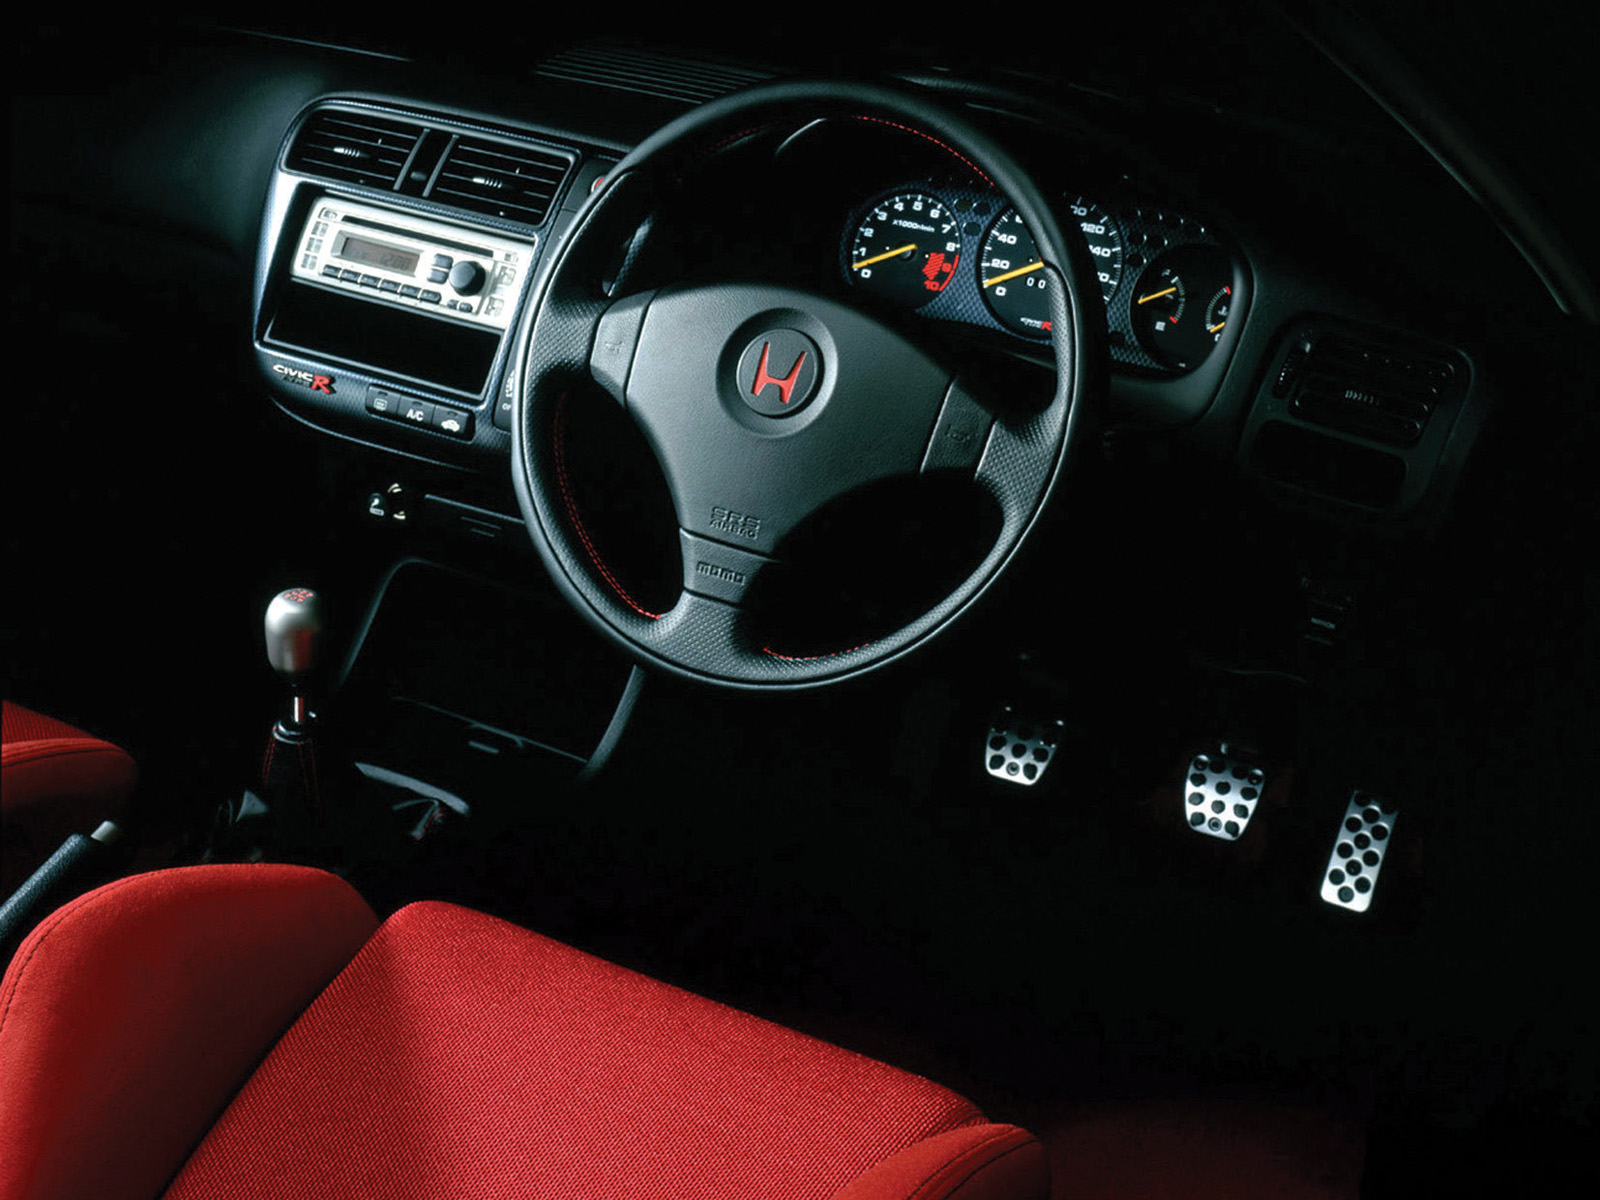 Front panel Honda Civic Type R X [JP spec] EK9 121999082000 1600x1200
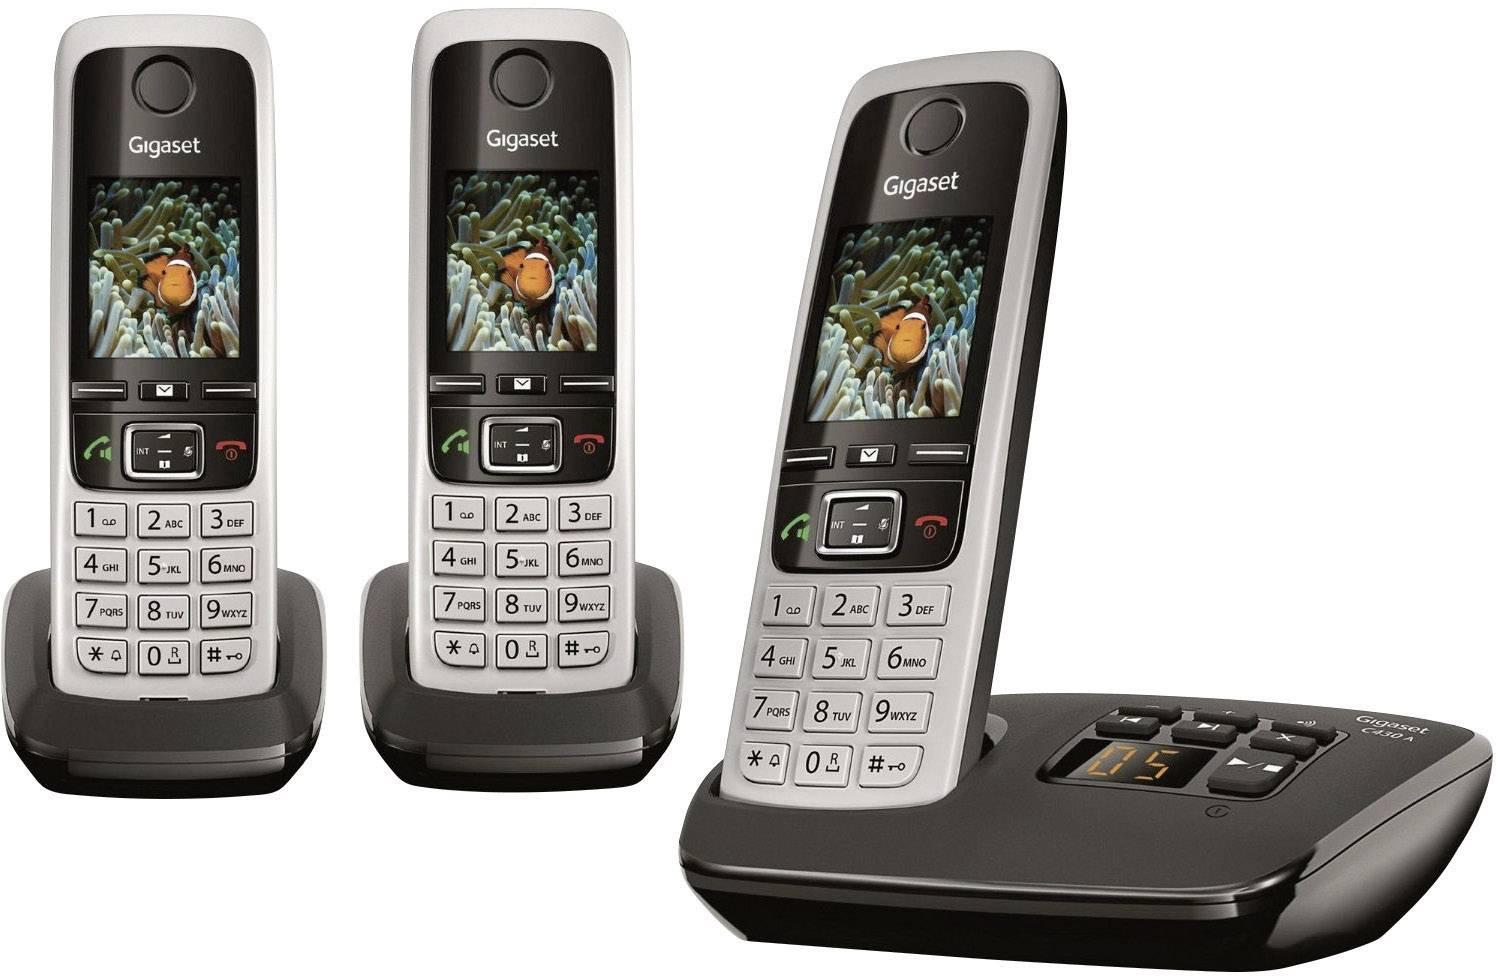 Bezdrátový analogový telefon Gigaset C430A Trio, stříbrná, černá
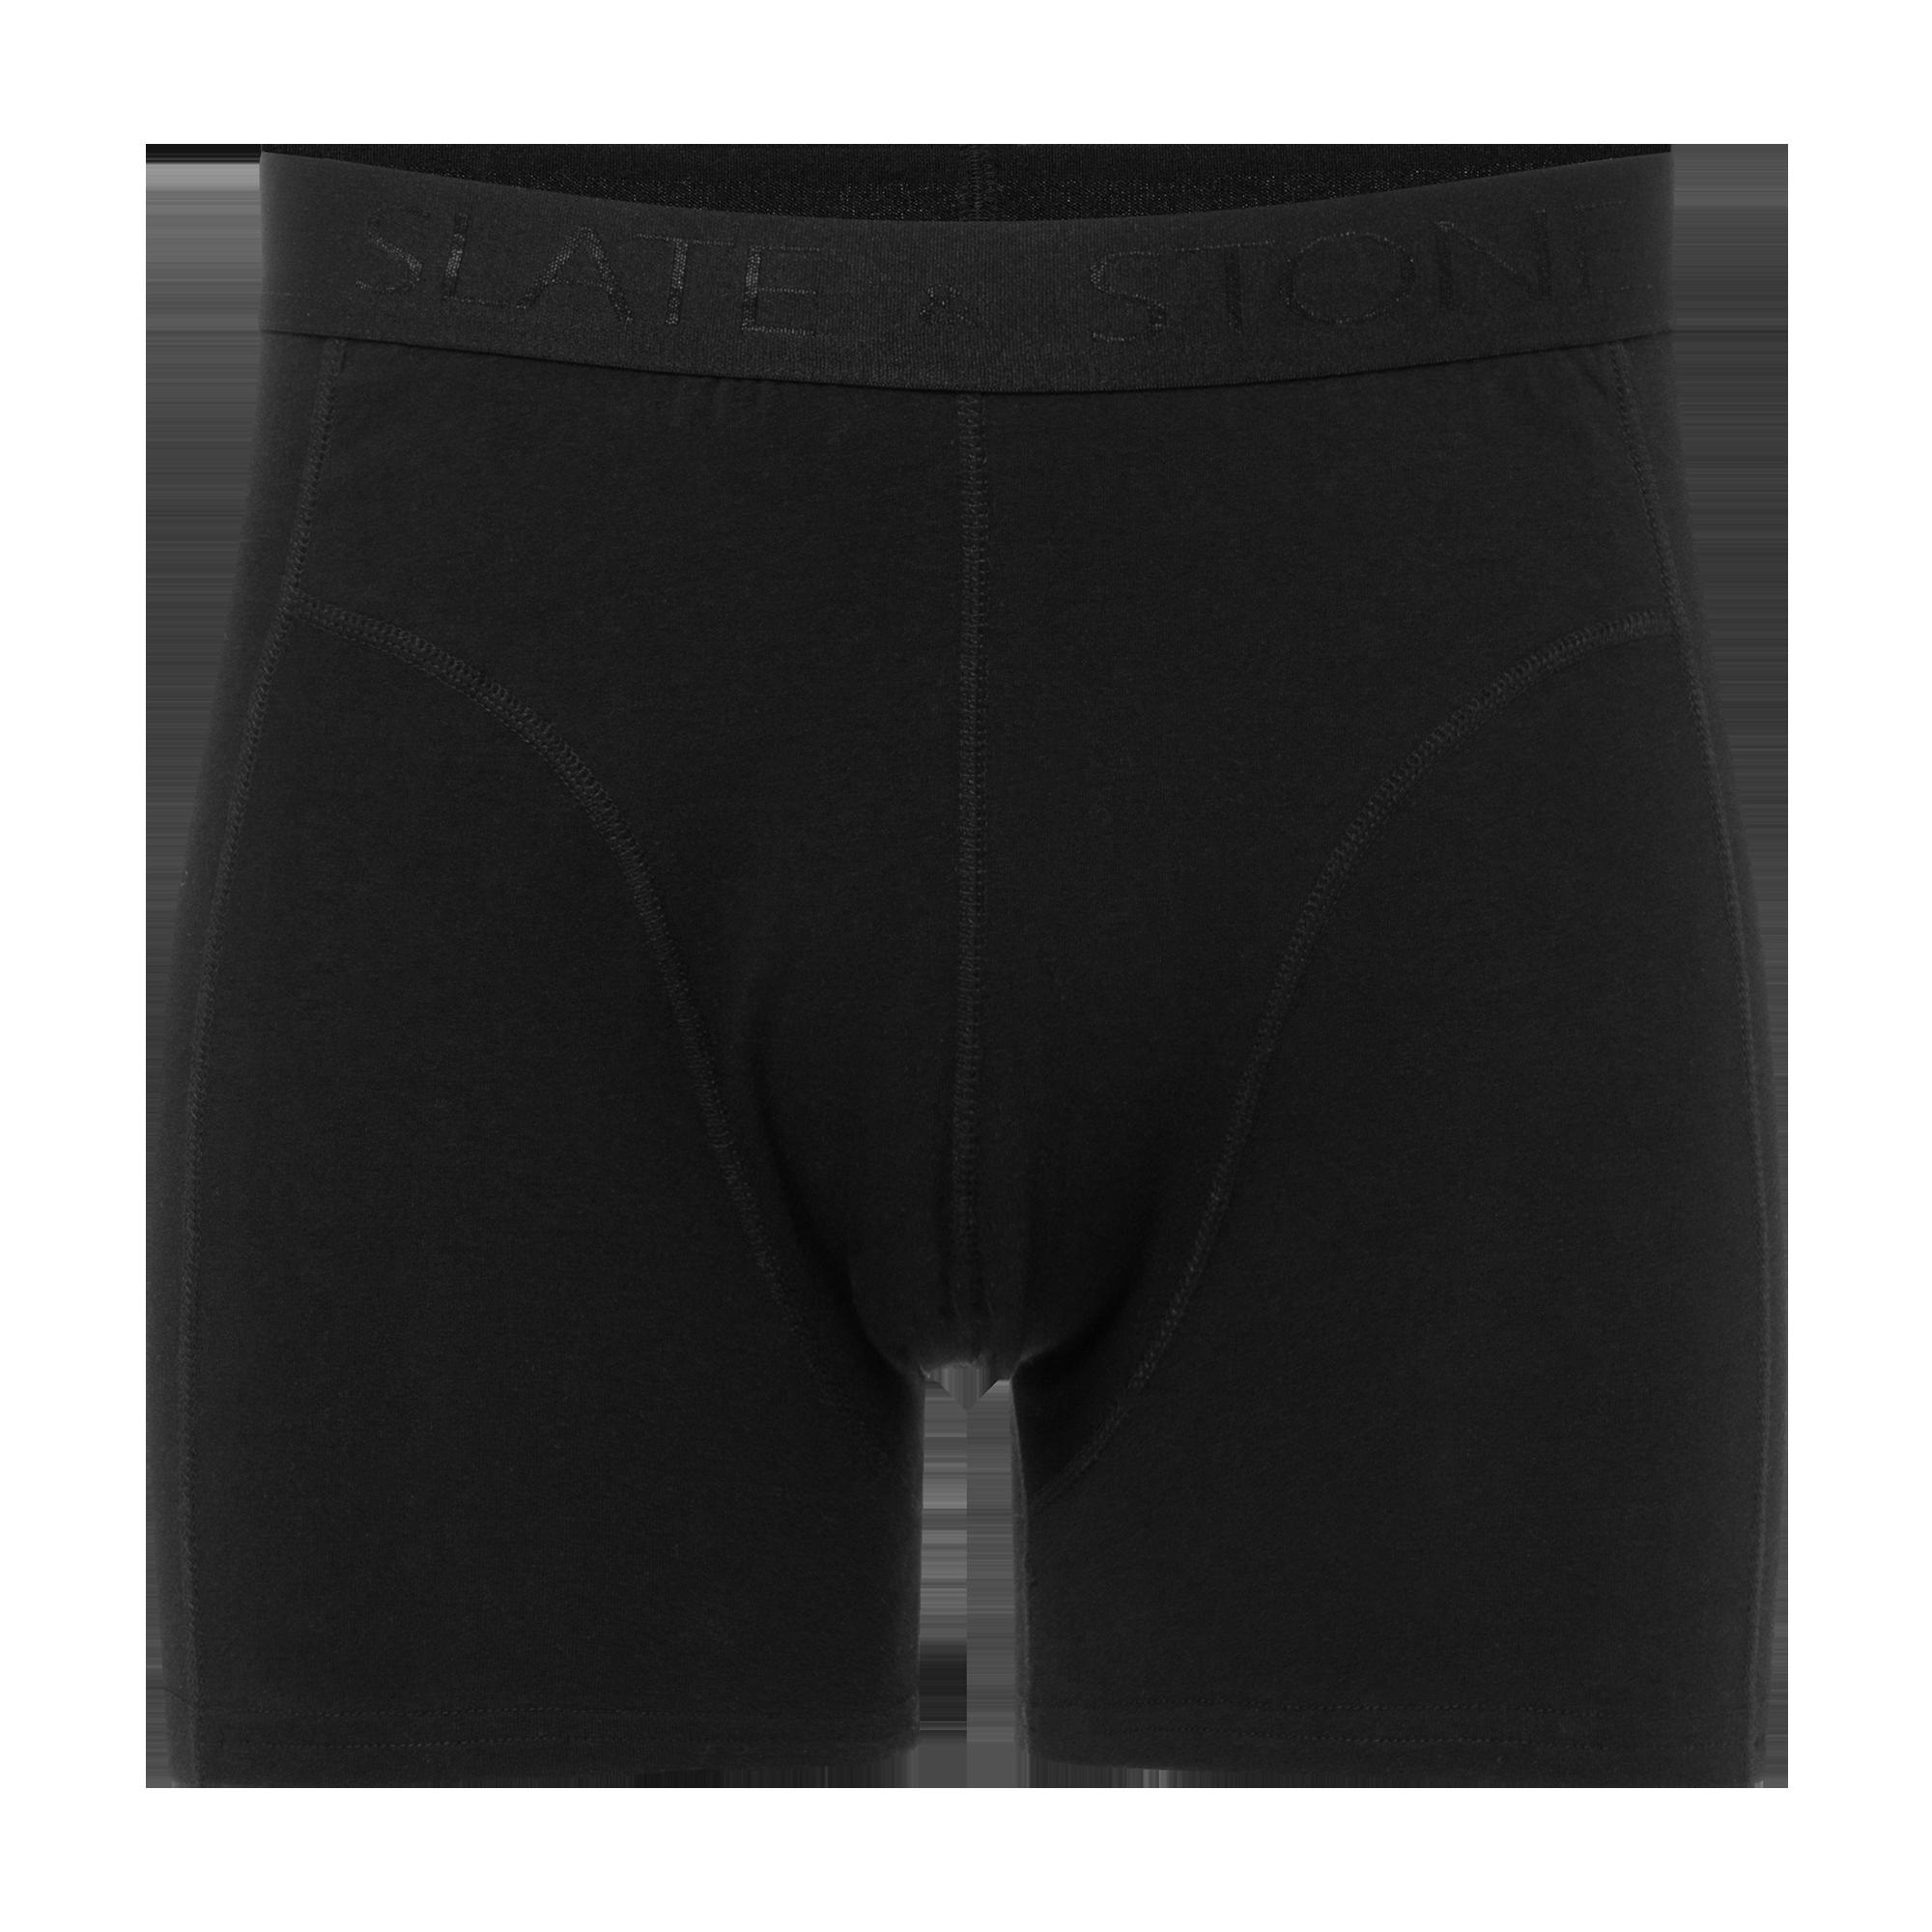 Underwear product image

□ □ □ □ □

▶ _WORK ORDER_
Please transcribe the listing exactly as it stands, but omit its pictures.

▶ _YOUR SOLUTION_
 Front panel Honda Civic Type R X [JP spec] EK9 121999082000 1600x1200
 Bezdrátový analogový telefon Gigaset C430A Trio, stříbrná, černá
 Underwear product image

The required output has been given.